● PROBLEM REQUIREMENTS:
Word for word, copy the lines from the one with "Photos des tournages" to the last line of the data below, counting both, and keep every picture out.

Segment Start: DATA SHOWN

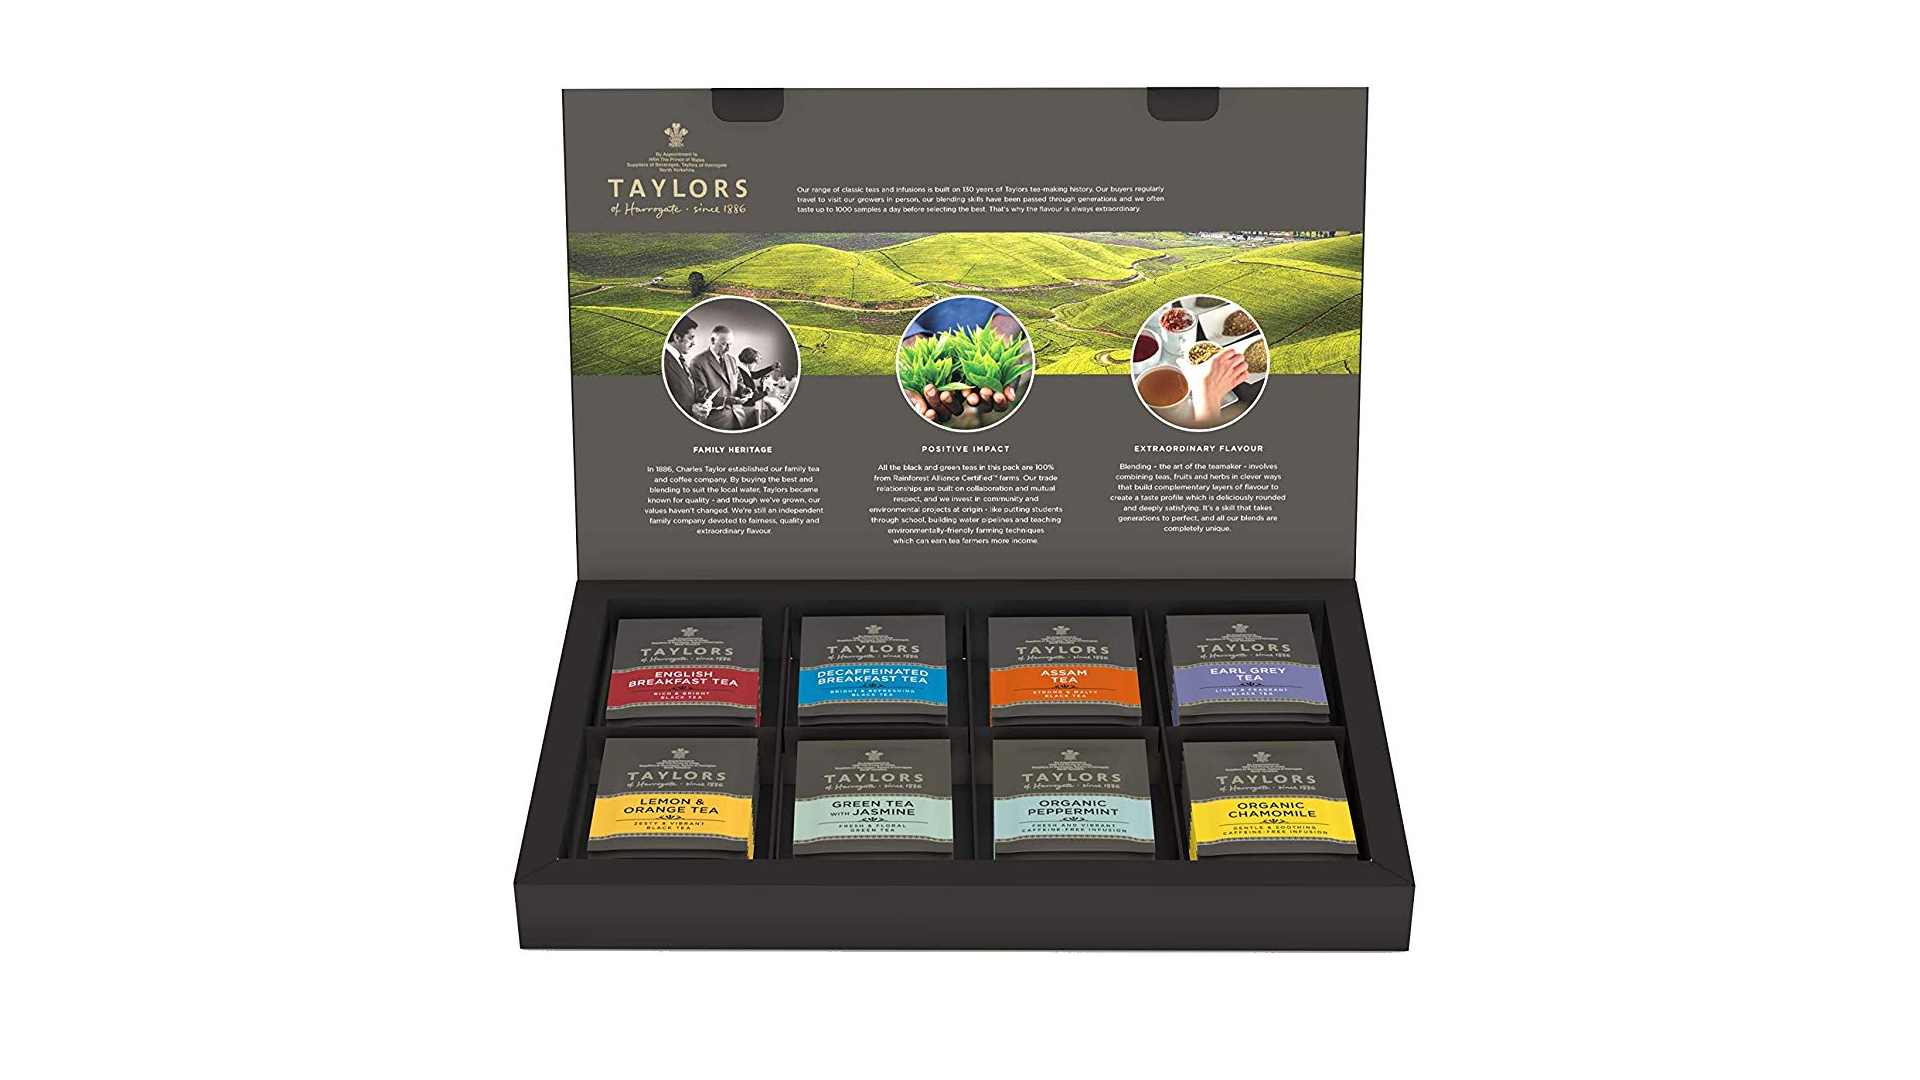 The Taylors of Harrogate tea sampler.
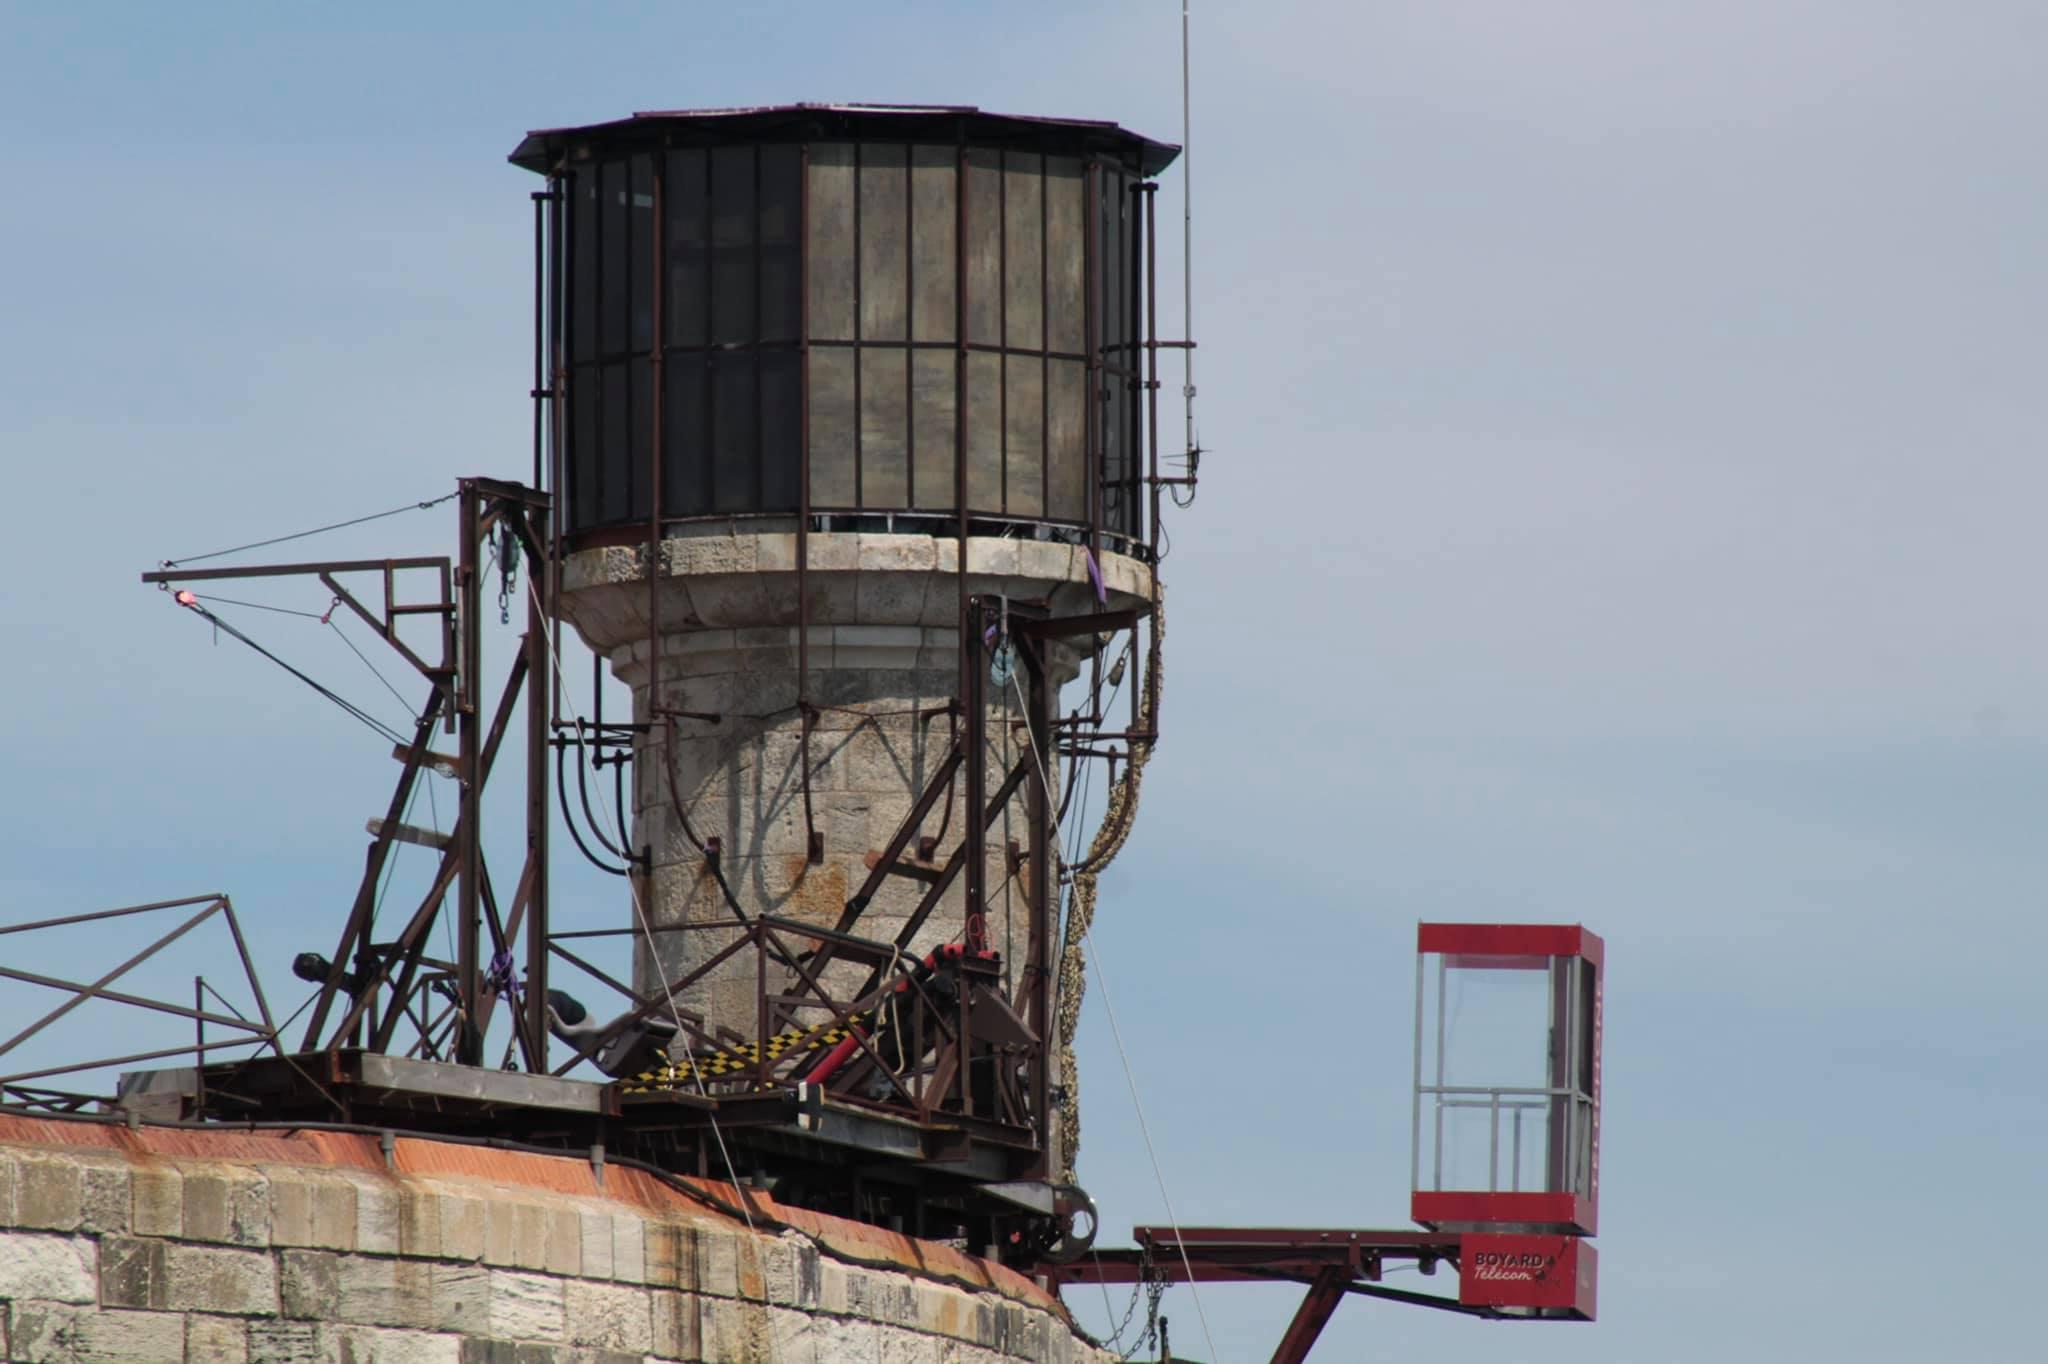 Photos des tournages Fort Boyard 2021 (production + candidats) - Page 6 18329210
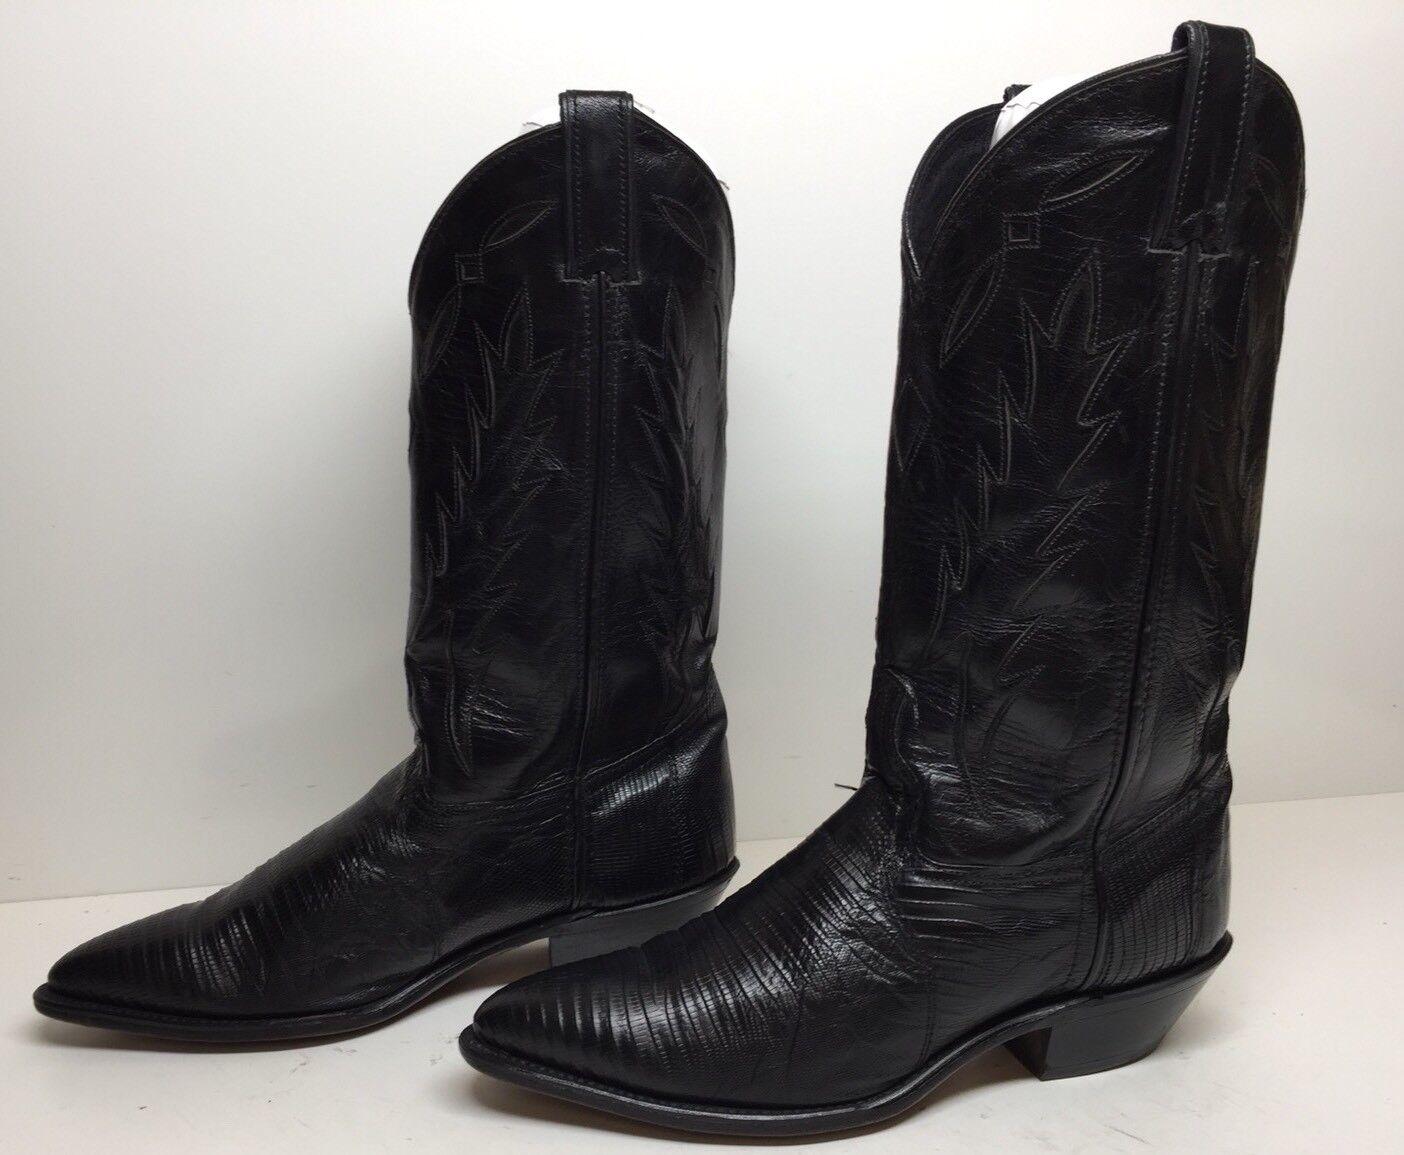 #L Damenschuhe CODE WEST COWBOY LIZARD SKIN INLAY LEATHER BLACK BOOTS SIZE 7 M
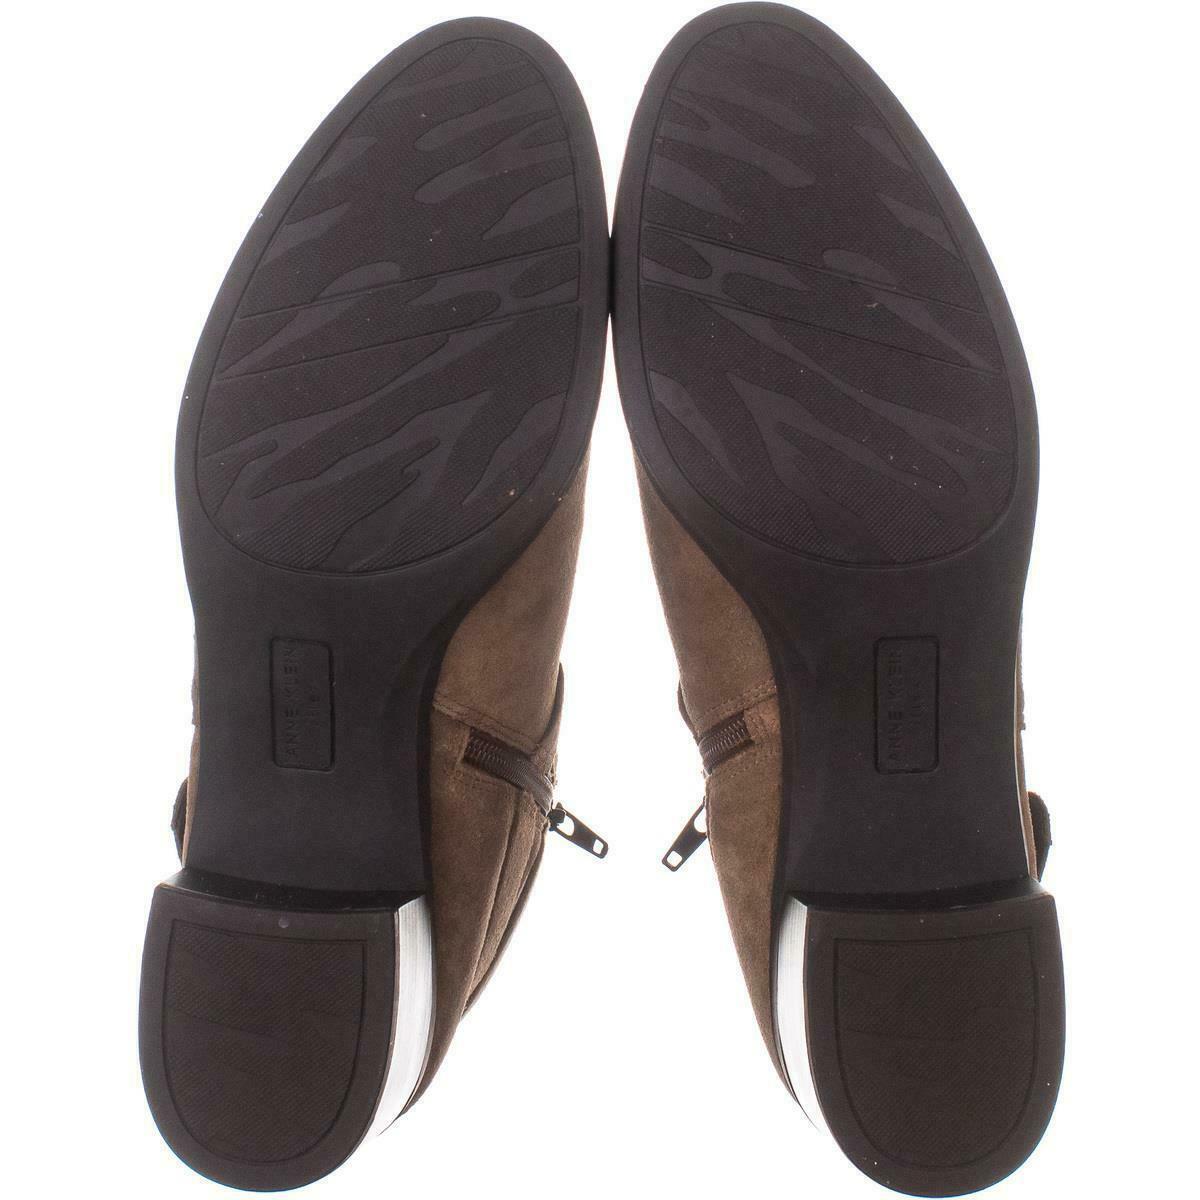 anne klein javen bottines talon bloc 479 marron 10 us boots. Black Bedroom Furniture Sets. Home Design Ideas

Segment End: DATA SHOWN

● RESPONSE TO THE TASK:
 Photos des tournages Fort Boyard 2021 (production + candidats) - Page 6 18329210
 #L Damenschuhe CODE WEST COWBOY LIZARD SKIN INLAY LEATHER BLACK BOOTS SIZE 7 M
 anne klein javen bottines talon bloc 479 marron 10 us boots. Black Bedroom Furniture Sets. Home Design Ideas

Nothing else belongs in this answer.